Cribsheet CC-BY-NC

Maintainer: admin

The pdf is here http://cs.mcgill.ca/~yzhou53/stuff/cribsheet.pdf

The source is:

\documentclass[landscape]{article}
\usepackage{amsmath}
\usepackage{amssymb}
\usepackage{amsthm}
\usepackage[T1]{fontenc}
\usepackage{multicol}
\usepackage[margin=1cm]{geometry}
\usepackage[margin=1cm]{geometry}
\setlength{\parindent}{0in}
\begin{document}
\begin{multicols}{3}

Testing the real standard dev of a sample:
$$W=\frac{(n-1)S^2}{\sigma^2_0}, W \sim \chi^2\:df=n-1$$

Assume random/independent sample, normally distributed pop. 

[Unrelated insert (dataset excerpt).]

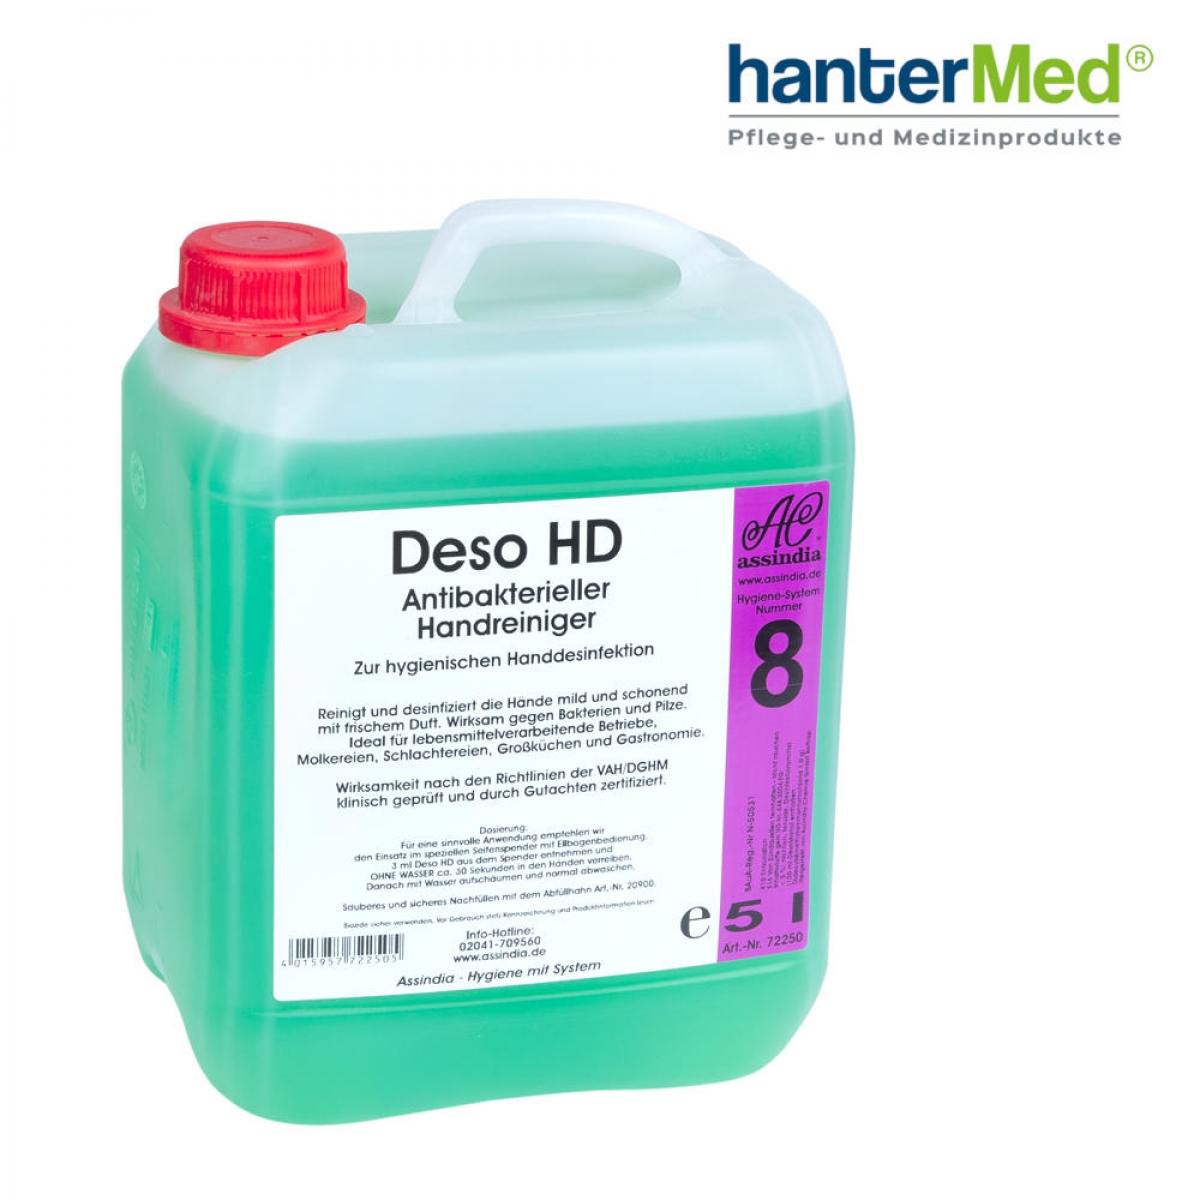 Deso HD Antibakterieller Handreiniger, 5l Kanister

Testing if two population variances are the same:
$$F= \frac{S^2_1}{S^2_2}, \:df=n_1-1,n_2-1$$

Assume two samples are randomly and independently selected from their two populations, which are both normally distributed

One-Way Anova

$$SST = \sum_{k=1}^K n_k(Y_k - \hat Y)^2$$
$$MST = \frac{SST}{K-1}$$
$$SSE = \sum_{k=1}^K\sum_{i=1}^{n_k}(Y_{ij} - Y_k)^2$$
$$s_p^2 = MSE = \frac{SSE}{n-K}$$
$$F=\frac{MST}{MSE}$$
$$TSS = \Sigma_{k=1}^K\Sigma_{i=1}^{n_k}(Y_{ij} - Y)^2 = (n-1)s^2$$

Assume random/independent selection, and each group is normally distributed

Confidence interval for difference between 2 groups if K = 2
$$y_1 - y_2 \pm t_{\alpha/2,n_1+n_2-2}\sqrt{\frac{s^2_p}{n_1}+\frac{s^2_p}{n_2}},\:df=n_1+n_2+2$$
$$y_1-y_2\pm t_{\alpha/2,n-K}\sqrt{\frac{MSE}{n_i}+\frac{MSE}{n_j}}\:df=n-K$$
Bonferroni correction
$$\alpha = \frac{\alpha_F}{K(K-1)/2}$$

Two-Way Anova with block design

$$TSS = \sum_{i=1}^K\sum_{j=1}^B(Y_{ij}-Y)^2$$
$$SST = B\sum_{i=1}^K(Y_{i-} - Y)^2$$
$$SSB = K\sum_{j=1}^B(Y_{-j}-Y)^2$$
$$SSE = TSS - SSB - SST = \sum_{i_1}^{K}\sum_{j=1}^{B}(Y_{ij}-Y_{i-}-Y_{-j}+Y)^2$$

Assume errors are normally distributed, blocks are as homogenous as possible. Treatments are randomly assigned to the units in each block, treatment and block effects are all constants.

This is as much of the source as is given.